REQUIRED WORK. Repeat exactly the lines of the listing below, please, starting with the first and ending with the line containing "FAUKIT! - Solving"; leave out the rest.

THE RECORDS.
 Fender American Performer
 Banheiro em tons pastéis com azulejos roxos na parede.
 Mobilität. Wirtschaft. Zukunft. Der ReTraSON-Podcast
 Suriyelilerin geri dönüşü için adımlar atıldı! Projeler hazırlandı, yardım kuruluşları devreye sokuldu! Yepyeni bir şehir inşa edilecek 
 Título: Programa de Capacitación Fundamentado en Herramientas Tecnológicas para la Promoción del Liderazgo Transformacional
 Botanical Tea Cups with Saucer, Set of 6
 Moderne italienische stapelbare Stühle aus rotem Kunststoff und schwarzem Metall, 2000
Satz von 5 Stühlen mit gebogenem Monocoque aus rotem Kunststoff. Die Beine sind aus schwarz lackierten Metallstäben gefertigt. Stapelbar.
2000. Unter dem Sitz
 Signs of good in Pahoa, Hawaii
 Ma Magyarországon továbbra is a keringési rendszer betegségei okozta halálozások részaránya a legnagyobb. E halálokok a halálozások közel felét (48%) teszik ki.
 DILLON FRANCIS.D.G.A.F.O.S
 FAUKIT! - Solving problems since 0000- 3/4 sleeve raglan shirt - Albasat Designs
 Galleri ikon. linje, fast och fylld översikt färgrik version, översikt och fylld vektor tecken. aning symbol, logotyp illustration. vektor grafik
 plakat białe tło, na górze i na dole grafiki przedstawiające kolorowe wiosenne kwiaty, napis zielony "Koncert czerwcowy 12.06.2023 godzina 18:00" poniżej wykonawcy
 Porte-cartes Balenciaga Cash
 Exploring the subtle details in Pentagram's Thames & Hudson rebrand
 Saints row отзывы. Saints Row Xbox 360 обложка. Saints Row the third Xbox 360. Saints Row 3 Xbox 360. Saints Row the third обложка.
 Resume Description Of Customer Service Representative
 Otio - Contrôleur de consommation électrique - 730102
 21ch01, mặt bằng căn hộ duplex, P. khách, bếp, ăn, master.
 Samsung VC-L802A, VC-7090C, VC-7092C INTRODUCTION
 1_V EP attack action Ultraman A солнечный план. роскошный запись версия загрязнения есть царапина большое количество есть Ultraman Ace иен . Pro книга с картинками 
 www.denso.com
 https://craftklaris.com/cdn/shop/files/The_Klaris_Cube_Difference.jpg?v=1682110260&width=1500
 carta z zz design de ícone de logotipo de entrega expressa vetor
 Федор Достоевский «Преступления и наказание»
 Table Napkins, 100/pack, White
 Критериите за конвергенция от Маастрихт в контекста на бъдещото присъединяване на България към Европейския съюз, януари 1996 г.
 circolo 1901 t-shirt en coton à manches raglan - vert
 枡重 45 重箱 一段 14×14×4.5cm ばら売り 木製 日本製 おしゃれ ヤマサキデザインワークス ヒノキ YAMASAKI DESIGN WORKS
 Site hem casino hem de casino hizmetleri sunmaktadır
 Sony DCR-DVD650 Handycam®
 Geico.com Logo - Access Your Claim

RESULT FOR THIS TASK.
 Fender American Performer
 Banheiro em tons pastéis com azulejos roxos na parede.
 Mobilität. Wirtschaft. Zukunft. Der ReTraSON-Podcast
 Suriyelilerin geri dönüşü için adımlar atıldı! Projeler hazırlandı, yardım kuruluşları devreye sokuldu! Yepyeni bir şehir inşa edilecek 
 Título: Programa de Capacitación Fundamentado en Herramientas Tecnológicas para la Promoción del Liderazgo Transformacional
 Botanical Tea Cups with Saucer, Set of 6
 Moderne italienische stapelbare Stühle aus rotem Kunststoff und schwarzem Metall, 2000
Satz von 5 Stühlen mit gebogenem Monocoque aus rotem Kunststoff. Die Beine sind aus schwarz lackierten Metallstäben gefertigt. Stapelbar.
2000. Unter dem Sitz
 Signs of good in Pahoa, Hawaii
 Ma Magyarországon továbbra is a keringési rendszer betegségei okozta halálozások részaránya a legnagyobb. E halálokok a halálozások közel felét (48%) teszik ki.
 DILLON FRANCIS.D.G.A.F.O.S
 FAUKIT! - Solving problems since 0000- 3/4 sleeve raglan shirt - Albasat Designs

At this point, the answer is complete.